2. **Observe.** On the *next* turn, the twin receives its own prior
   `|||TWIN|||` output as context (appended to the system prompt as a
   tiny `<prior_twin_probes>` block). The twin now knows what it claimed
   a turn ago.
3. **Score.** The twin's prompt instructs: *"For each prior probe,
   judge whether the user's most recent message validates, contradicts,
   or is silent on the claim. Emit a calibration line."* That line
   looks like:
   ```
   <calibration id="t-4711" outcome="validated" note="user merged PR#123 first"/>
   ```
4. **Log.** The brainstem parses any `<calibration …/>` tags out of the
   `|||TWIN|||` block and appends each to `<twin-root>/.twin_calibration.jsonl`
   before rendering.
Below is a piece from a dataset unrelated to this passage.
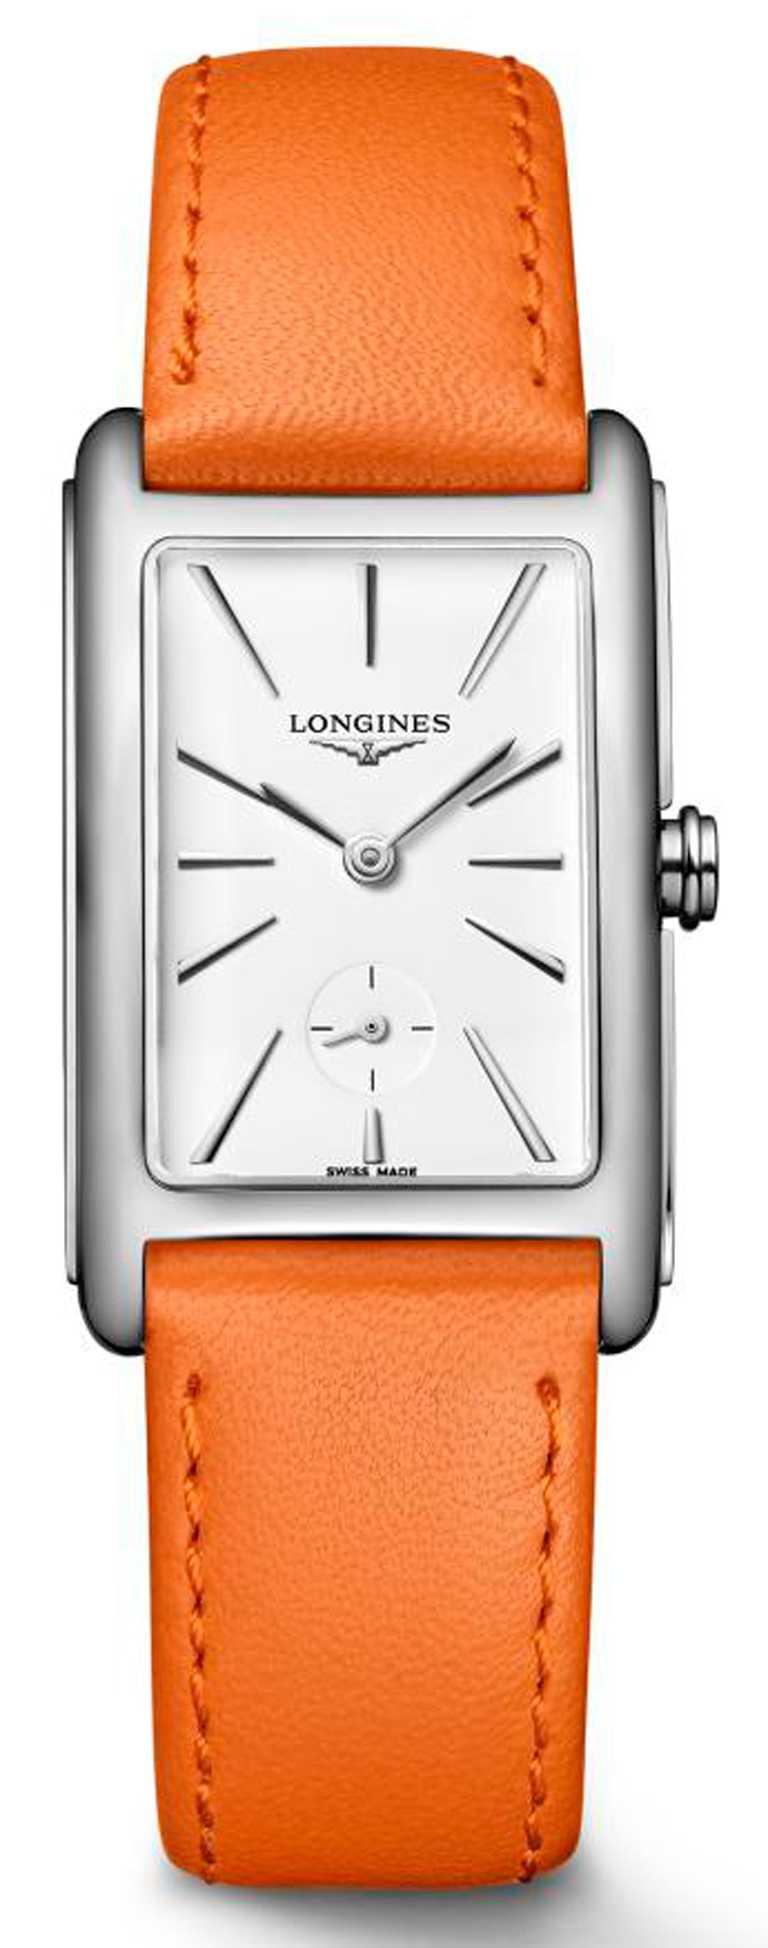 LONGINES「DolceVita多情」系列,白色面盤女士腕錶,不鏽鋼錶殼,23.3 x 37mm,石英機芯,焰橘色皮革錶帶╱38,000元。(圖╱LONGINES提供)

The user never sees the tags; they're stripped
   from what renders in the side panel.
5. **Recalibrate.** The next turn's system prompt injects a rolling
   summary of the twin's hit-rate by `kind`:
   *"Your historical accuracy: priority-claim 62% (21/34), risk-flag
   81% (17/21), api-shape-guess 44%."* The twin uses that to decide
   how confidently to emit new probes of each kind.

### Why this works without a new primitive

- The probes and calibration marks are just **XML-ish tags inside the
  existing `|||TWIN|||` block**. No new delimiter, no new wire field.
  The parser needs one more step — extract-and-strip `<probe/>` and
  `<calibration/>` before rendering — which is a ~20-line addition.
- The log is one JSONL file per twin-root. No DB. Grep-readable.
  Deletable. Exportable.
- No separate LLM call. The twin already runs every turn; it now does
  slightly more work inside the same completion.

### The autonomy claim

The user never has to say *"good hint"* or *"bad hint"*. The twin
watches what the user actually does on the following turn — that's the
ground truth. If the user merges PR#123 after the twin flagged it as
the blocker, the claim is validated. If the user merges a different PR,
the claim is contradicted. If the user changes topic entirely, the
claim is silent — don't count it either way.

This is the *confirm with numbers* move — the twin's confidence for
each probe kind is an actual ratio, stored, auditable, and drifting
toward reality as more turns happen. If the twin starts off overconfident
about priority claims and underconfident about API shapes, the
calibration log will show that, and the next turn's prompt will nudge
the twin to adjust.

### Acceptance

1. `<probe/>` and `<calibration/>` tags are stripped from the rendered
   twin panel and written to `.twin_calibration.jsonl` instead.
2. A rolling accuracy summary is injected into the system prompt — at
   most ~200 tokens, showing last-N windowed hit rates by `kind`.
3. Removing the calibration block from the prompt collapses back to
   v0 twin behavior. Removing the JSONL file resets the twin's
   confidence to neutral. Both are cleanly reversible.
4. The user can read `.twin_calibration.jsonl` with `jq` and see
   what the twin thought and what happened.